“Dime el PIN de tu tarjeta, mi mamá está en la tienda, quiere comprar un teléfono”. Mi esposo me despertó a las 7 a. m., pero él y su madre ni siquiera podían imaginar la sorpresa que les tenía preparada.

Llevamos casi tres años casados, y durante ese tiempo, estoy agotada. Trabajé de la mañana a la noche, haciéndome cargo de la casa, la compra, los servicios y todos los gastos, y mi marido ni siquiera intentó buscar trabajo.

Antes de nuestra boda, hacía trabajos esporádicos. Pero cuando empezamos a vivir juntos, por alguna razón, decidió que yo estaba obligada a mantenerlo.

Pero lo peor era su madre. Creía que su hijo tenía la obligación de mantenerla por completo: regalos, ropa, medicinas, viajes y cualquier capricho; todo esto, pensaba, debía correr a su cargo.

Y no le importaba en absoluto que “su cargo” fuera mi dinero, mi sueldo y mis lágrimas después de otra noche sin dormir.

Mi marido le daba regularmente a su madre el dinero que yo ganaba, le compraba regalos y le enviaba la calderilla.
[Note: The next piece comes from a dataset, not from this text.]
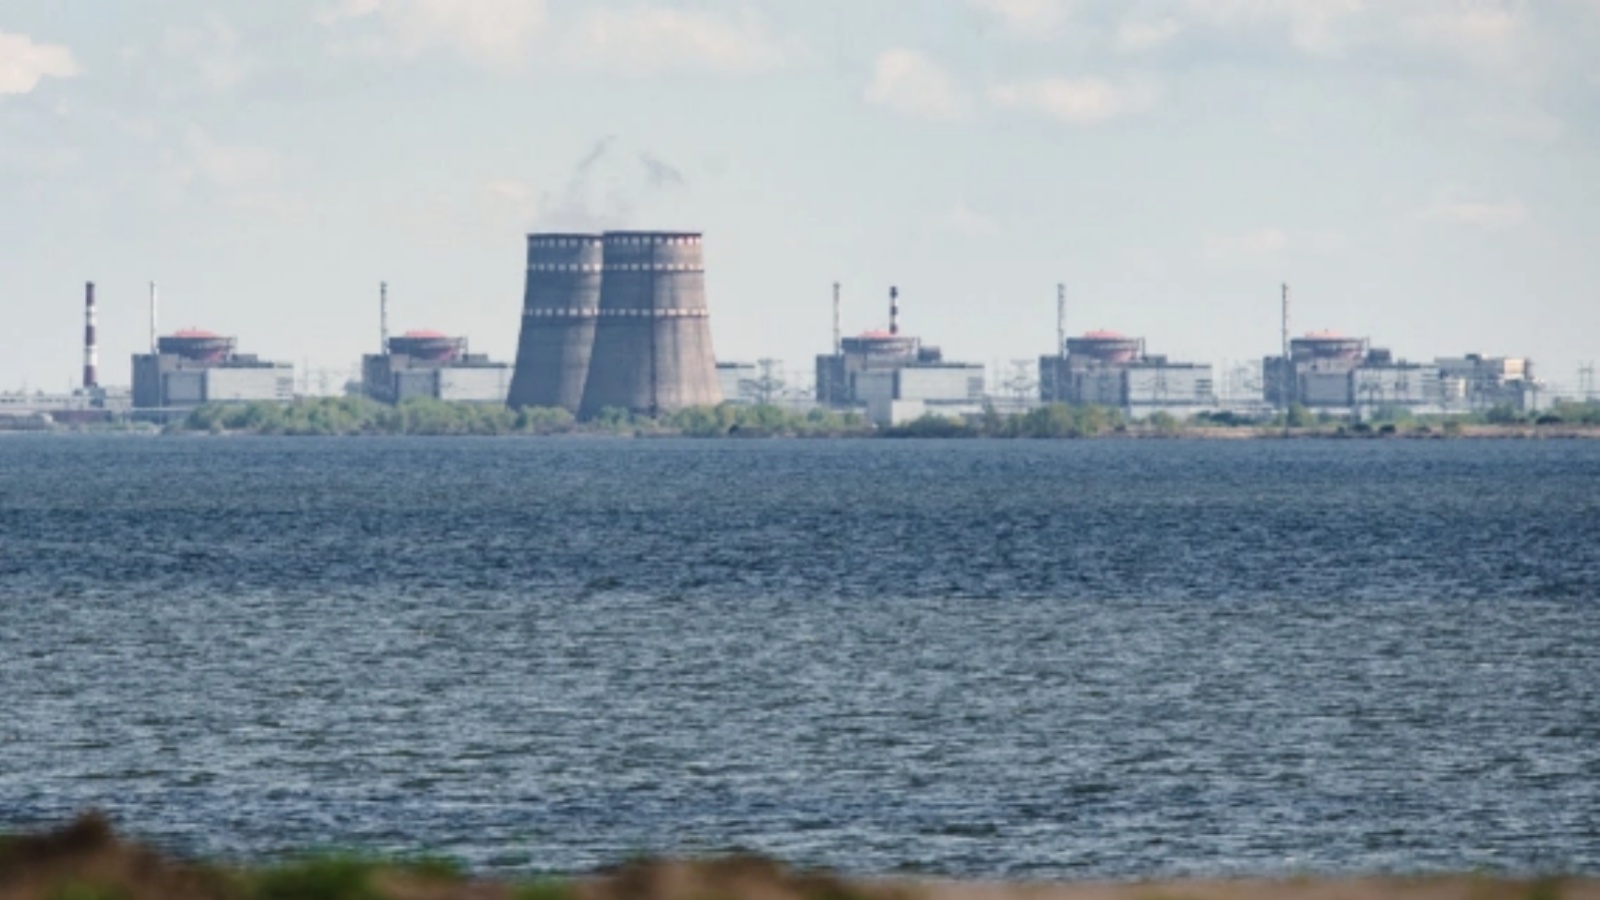 منظر عام يُظهر محطة الطاقة النووية زابوريجيا، الواقعة في منطقة Enerhodar الخاضعة للسيطرة الروسية، والتي شوهدت من نيكوبول، أوكرانيا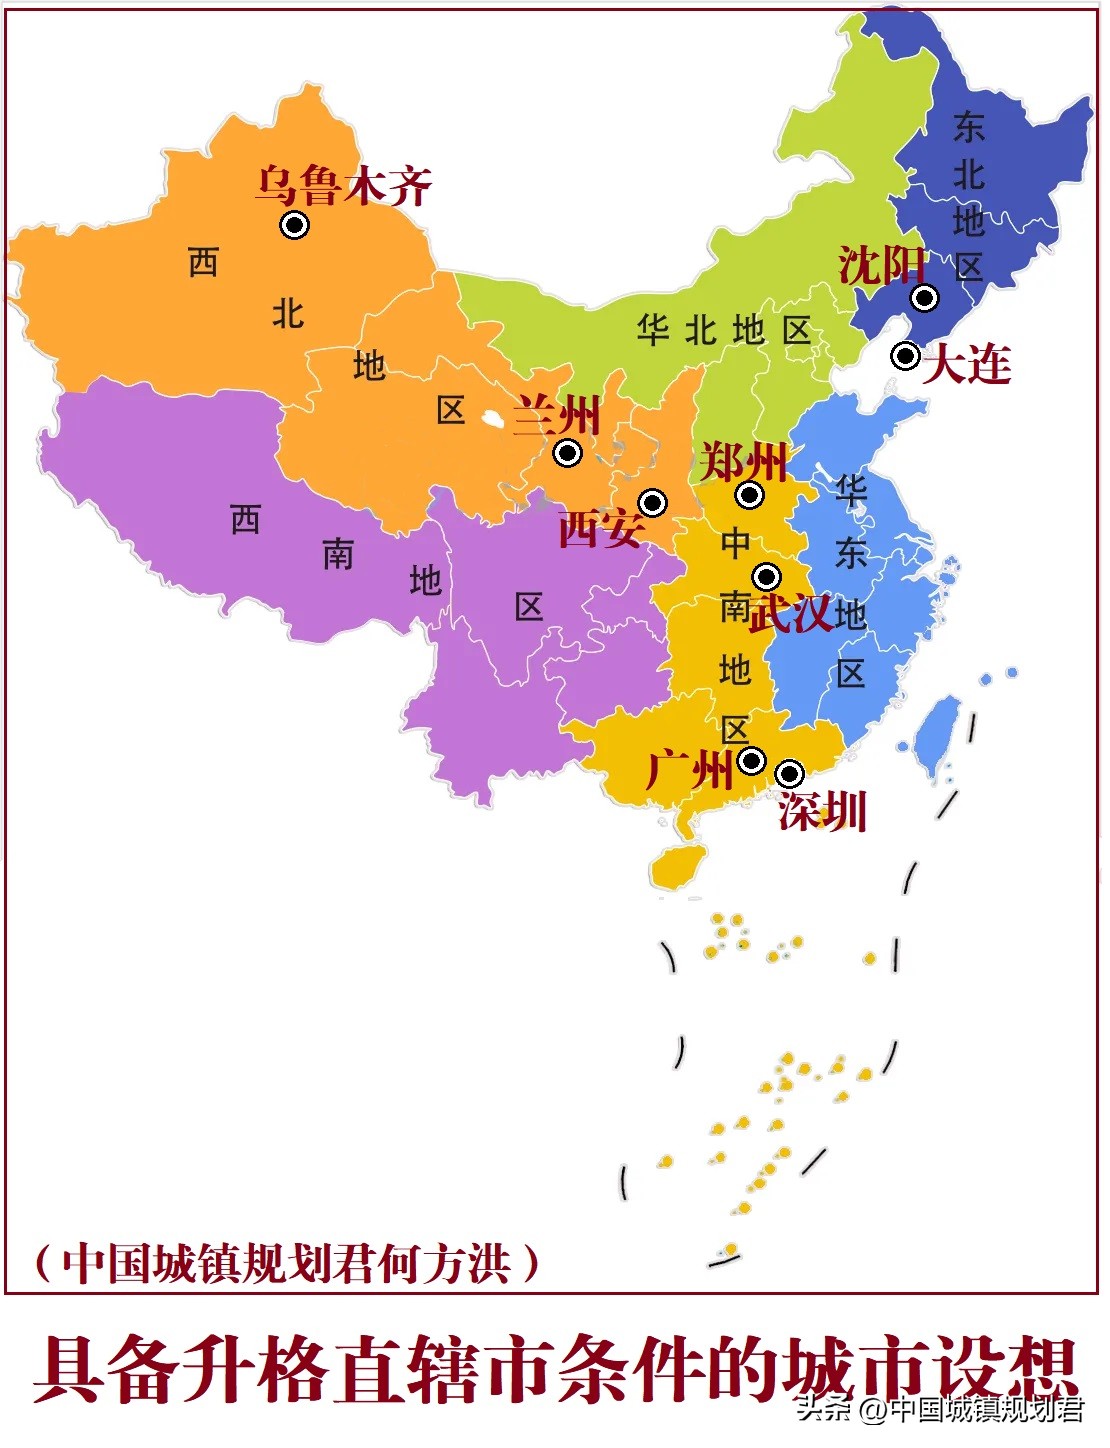 中国有几个直辖市 中国有几个特区

Yo guardaba silencio, aguantaba, pensando que la familia se basaba en el compromiso, que las relaciones no debían arruinarse.

Pero últimamente habían ido demasiado lejos. Mi suegra empezó a escribirme casi a diario sobre lo que necesitaba: cosméticos, una blusa nueva, ayuda con la hipoteca. Mi marido me recordaba constantemente que «Mamá debería vivir bien». ¿Y yo? Yo era su cartera.